能を舞います|2025年11月24日観世能楽堂

私ごと 来たる11月24日(振替休日)東京銀座「観世能楽堂」で開催されます、東京松響会(しょうきょうかい)にて、能 『猩々』のシテを勤めます。シテというのは能楽独特の言葉で、「主役」のような意味合いです。

「松響会」というのは、十四世林喜右衛門社中の素人会です。要は、アマチュアの発表会ですね。能楽には、素謡、仕舞、舞囃子と様々な演出形態がありますが、最も総合的なのが能です。能装束をつけ、曲によっては面(おもて)を付けて役柄に扮して舞います。

私がシテを勤める『猩々(しょうじょう)』は能として演じますので、装束をつけて面をつけて舞います。舞いといっても舞踊ではなく、シテを勤めることを舞うと表現します。

【猩々 あらすじ】
中国の揚子の里に、高風(こうふう)という大変親孝行の男が住んでいました。ある晩のこと、高風は、揚子の市でお酒を売れば、富み栄えることができるという夢を見ます。夢のお告げに従って、お酒の商売をしたところ、高風はだんだんとお金持ちになっていきました。

高風が店を出す市では、不思議なことがありました。いつも高風から酒を買い求めて飲む者がいたのですが、いくら酒を飲んでも顔色の変わることがありません。高風が不思議に思い、名を尋ねると海中に棲む猩々だと名乗りました。

その日、高風は、酒を持って潯陽の江のほとりへ行き、猩々が現われるのを待っていました。そこへ赤い顔の猩々が現われます。猩々は友の高風に逢えた喜びを語り、酒を飲み、舞を舞います。そして心の素直な高風を称え、今までの酒のお礼として、酌めども尽きない酒の泉が湧く壷を贈った上で、酔いのままに臥します。それは高風の夢の中での出来事でしたが、酒壷はそのまま残り、高風の家は長く栄えたといいます。まことにめでたいことでした。
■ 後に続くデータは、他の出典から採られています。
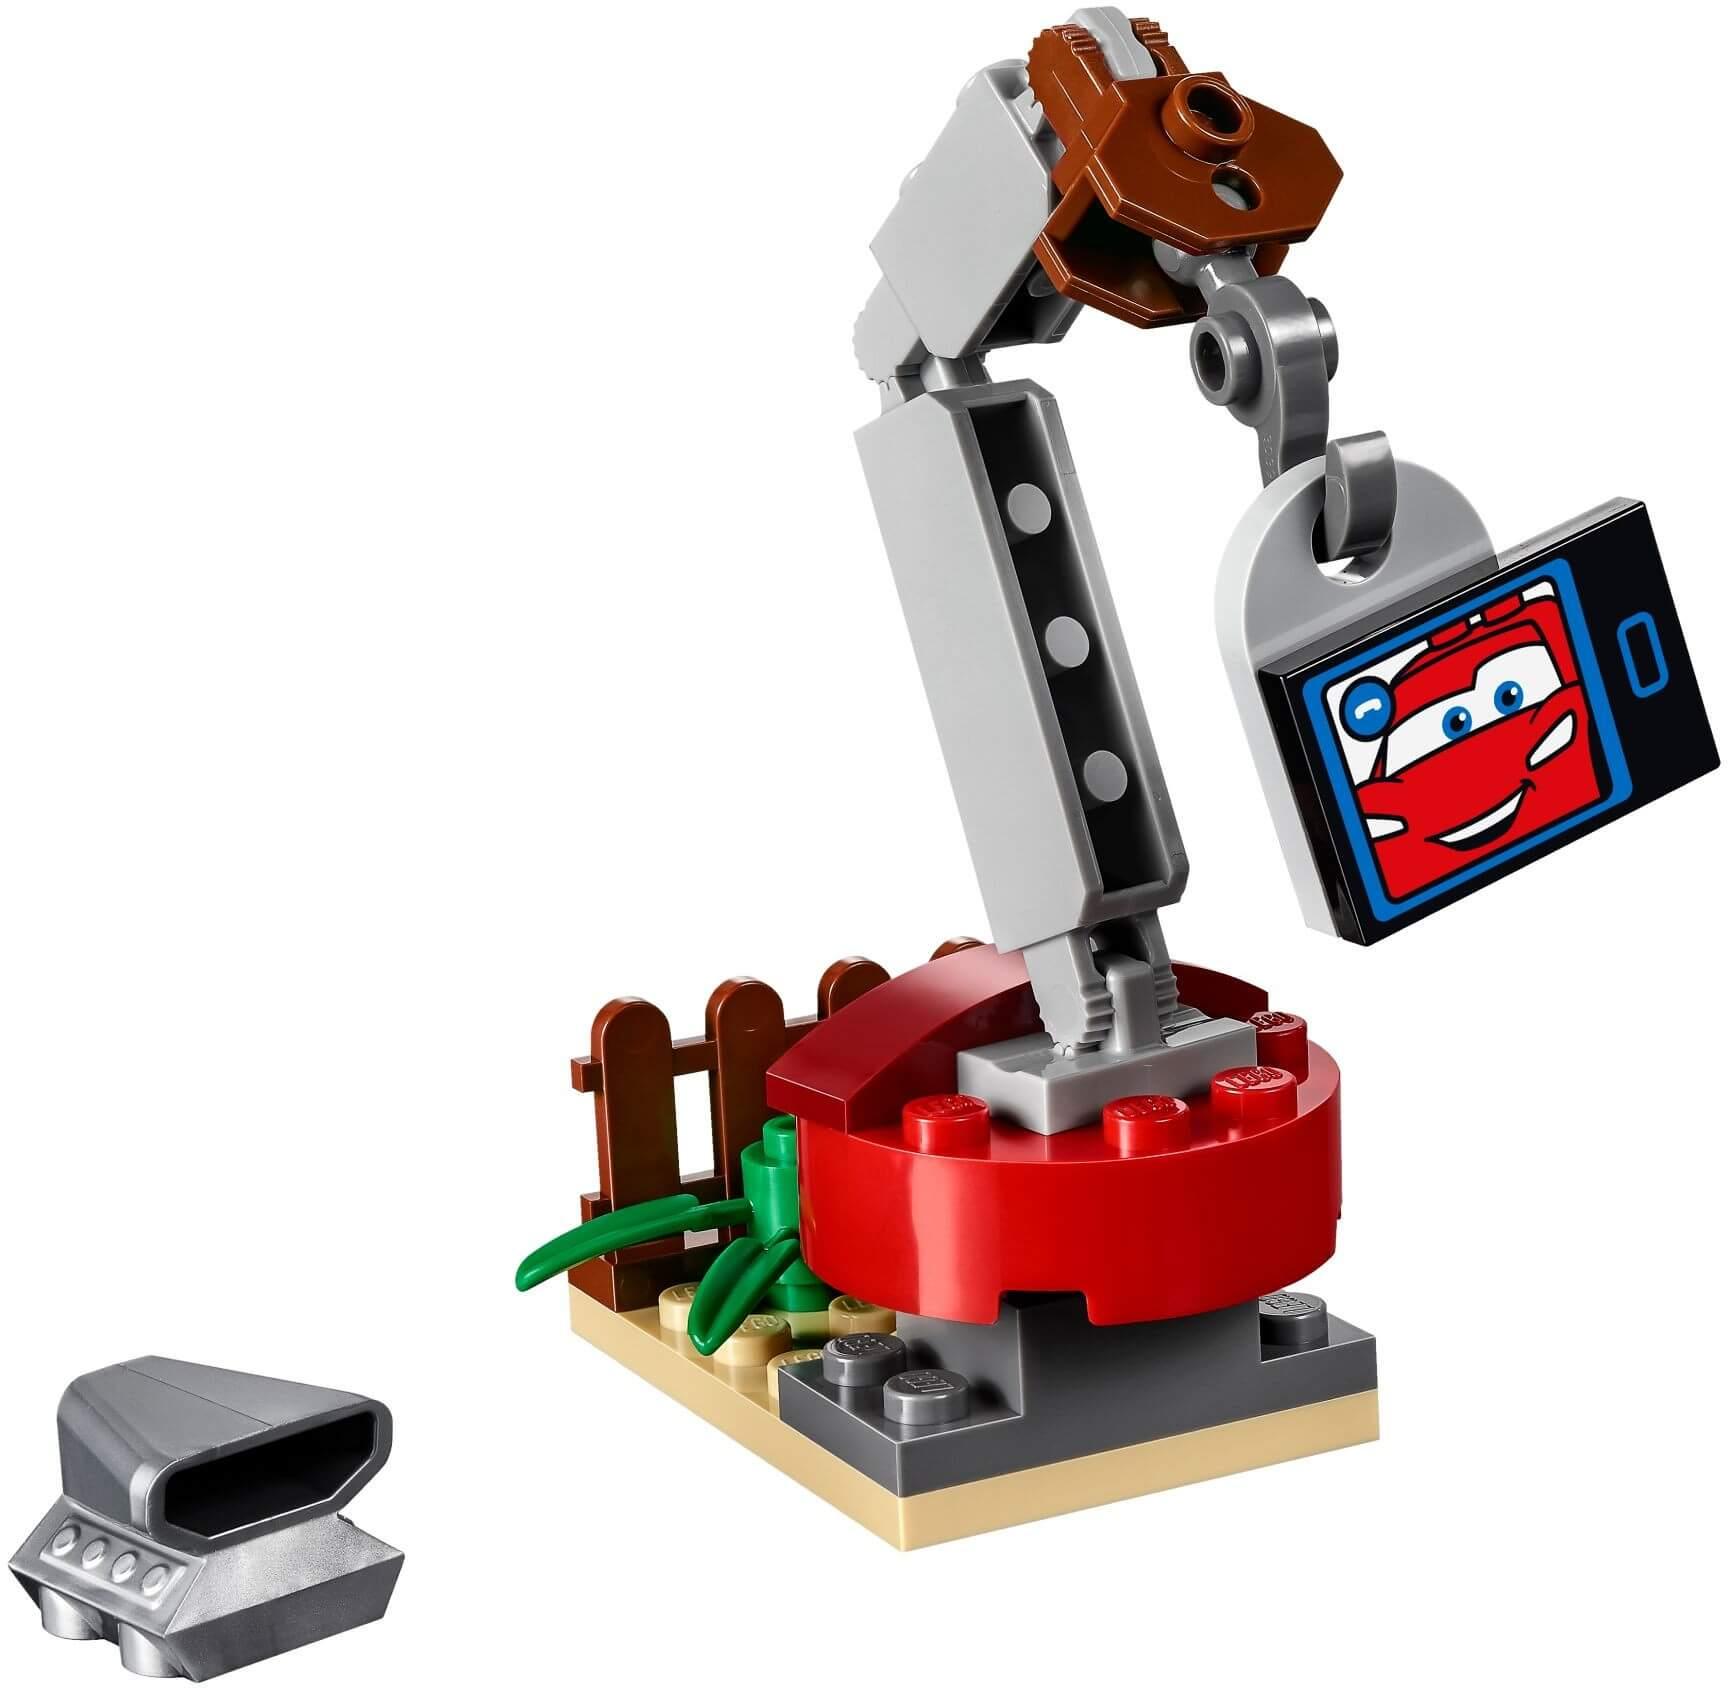 Mua đồ chơi LEGO 10733 - LEGO Juniors 10733 - Bãi Phế Liệu của Mater (LEGO Juniors Mater's Junkyard)

終盤の「酌めども尽きず 飲めども変わらぬ秋の夜の盃。影も傾く入江に枯れ立つ 足もとはよろよろと 酔いに臥したる枕の夢の 覚むると思えは泉はそのまま 尽きせぬ宿こそめでたけれ」という詞章が、一族の繁栄を寿ぐとして祝言の曲として親しまれています。酒好きの私としては他人事とは思えず、猩々に成りきって舞台を勤めたいと思っております。

東京林響会
日時 令和7年11月24日(振替休日) 午前9時30分開演 
    *私の出番は午後4時過ぎの予定です。
会場 観世能楽堂 東京銀座・ギンザシックス地下3階
入場料 無料、出入り自由

お近くにお出掛けのご用事がありましたら、是非ともお立ち寄りくださいませ。

松響会東京大会|2025年11月24日

14世林喜右衛門社中の素人会「松響会」。私は能「猩々」のシテを勤めます。会場は、GINZA SIXの地下3階にある観世能楽堂。GINZA SIXは、私の出身大学の前身である「商法講習所」が1875年に創設された場所です。今気がつきましたが、今年は創立150周年ですね。

それはさておき、当日のプログラムが大方決まってきたようです。私の出番は16時頃です。猩々はおよそ50分の曲です。

11月24日(月・振替)、たまたま銀座に御用がございましたら、観世能楽堂にお立ち寄りいただければ幸甚でございます。素人会ですので、入場料はもちろん無料。出入りも自由です。

皆様のおいでを社中一同心よりお待ち申し上げます。

能楽を稽古して思い知ることは、舞は型の組み合わさせであるということ。「サシ込」「開き」「アゲ扇」「左右」「角トリ」・・・ であるから、各々の型を正確に身につけることが求められる。そして大事なことは、一つの型をしっかりとまとめてから次に型に移ること。

実は、これは茶道の点前でも同じ。点前は、「型」に分解することができる。そして、その型を正確に身につけることが、実は上達の近道なのだと思う。その上で、順番を覚えること。これは、俯瞰すれば、どんな複雑な点前でも構成は同じ。それぞれに、複雑な型が紛れているので難しく見えるが、分解すればやはり「型」の組み合わせなのである。その上で、使う道具に固有の扱いがある。

稽古をしていて共通してつまづくのは、柄杓の扱い。柄杓の扱いという「型」には、点前に求められる体の使い方のエッセンスが詰まっている。次回の稽古では、基本的な「型」の徹底を図ることにしようと思う。